Another advantage of the RFID keys and locks is that they leave a record of when doors where accessed and by whom, says Cush.

“Everytime the lock reads a keycard and grants or denies access, it
will leave an audit – and record on the keycard that it was used (in a
particular lock),” he says.

“You can take a lock and read it, so to speak, to see whose key has
accessed the room,” says Grigg. “For example, at 8:05 a.m., the guest
entered the room, then at 9:40 a.m., the attendant had entered the room
using their key and so on.”

The RFID locks run on three ordinary AA batteries, which will last for
120,000 door openings or about three years before they need to be
changed. The RFID keys are available in a standard keycard size, or can
be produced as fobs or wristbands. The latter is of particular interest
to hotel resorts, says Sarrouf.
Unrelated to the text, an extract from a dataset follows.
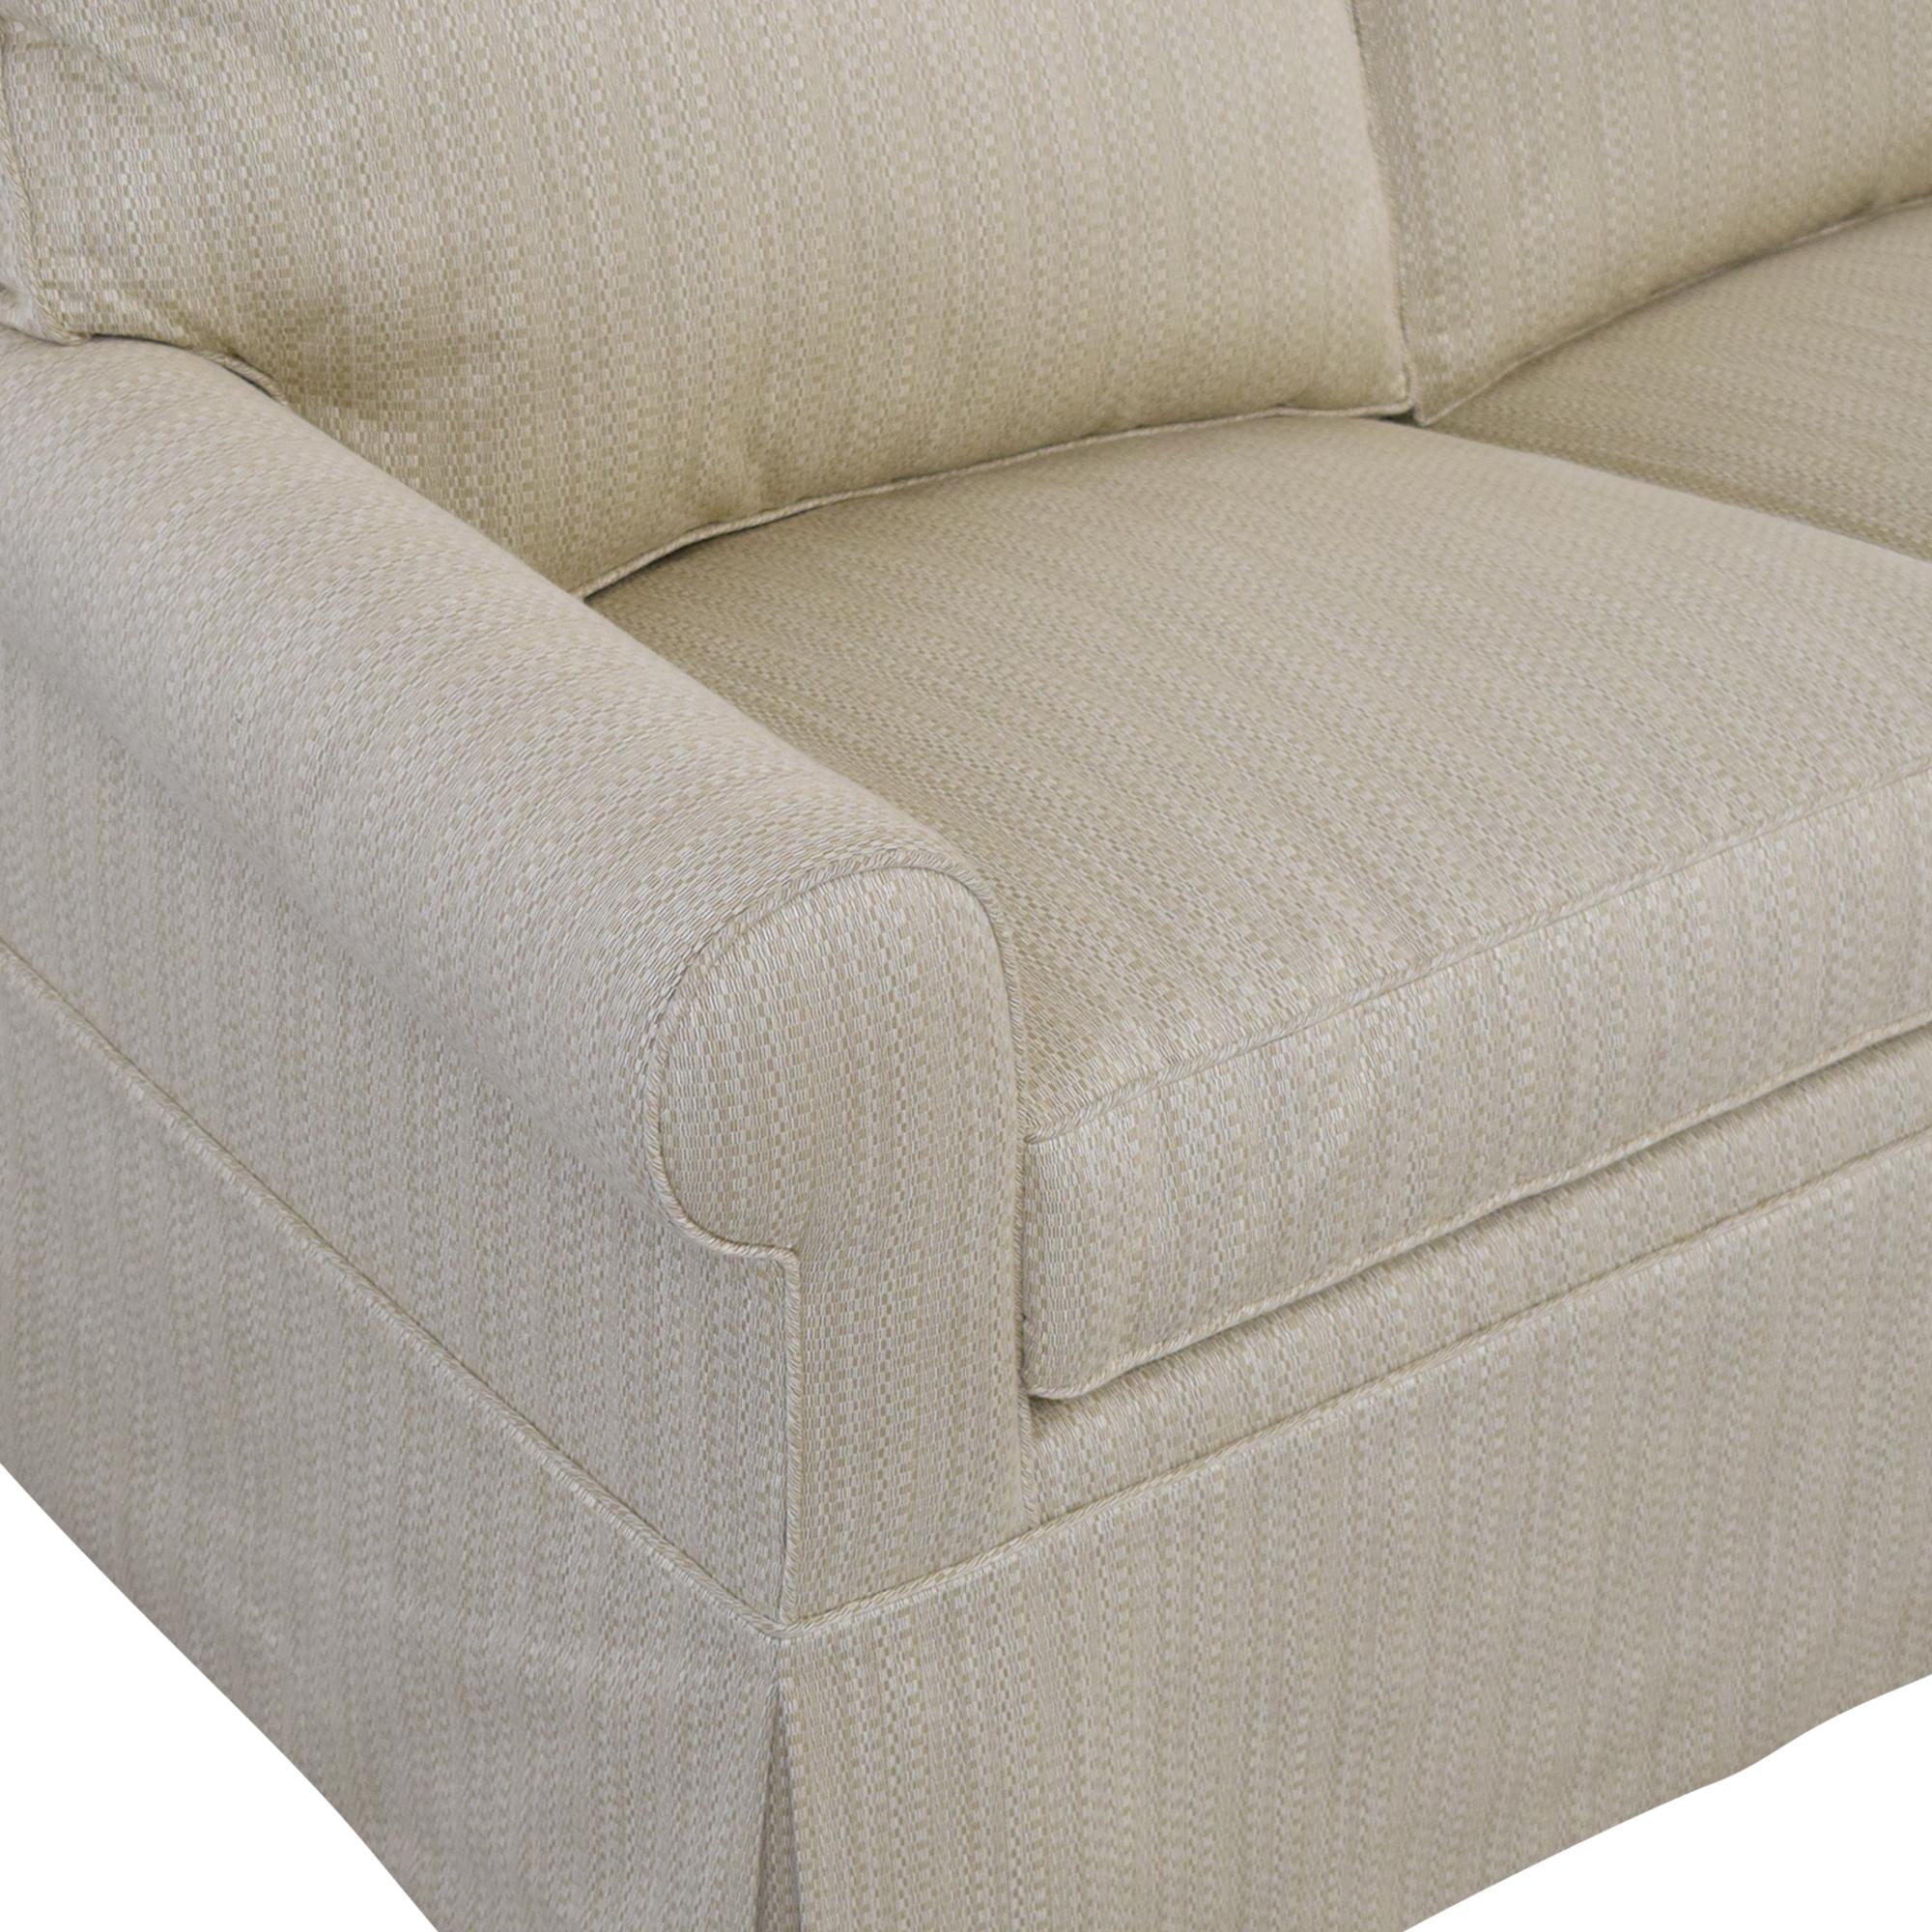 Carlyle Carlyle Sleeper Sofa discount
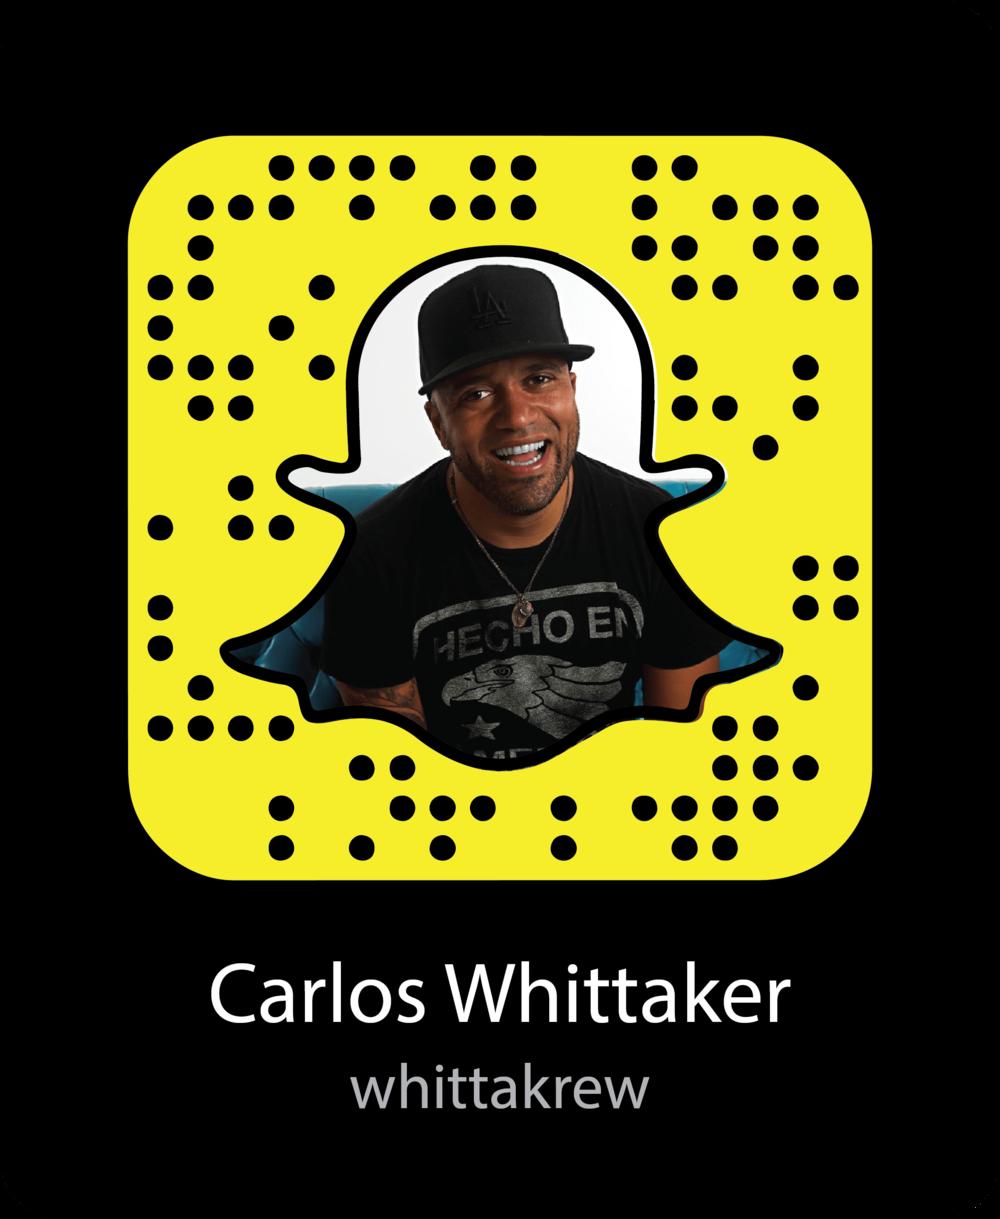 carlos-whittaker-storytellers-snapchat-snapcode

Since the wristbands can be carried
easily and are waterproof, they can be used guests when they are
swimming or enjoying other water sports.

The Halifax Holiday Inn was a brand new install for ILCO, but much of
its hospitality business is coming from retrofits – hotels upgrading
from mag stripe to the RFID locks, which fit standard doors with
minimum preparation.

RFID technology is becoming more affordable, but is still about 20 per
cent more expensive than magnetic stripe keys and cards. Price is “the
only thing that’s slowing down the penetration of this technology in
today’s hospitality market,” says Sarrouf. “But once the price of the
keycard goes down and becomes more accessible, we will see more and
more people are going to go towards this technology.”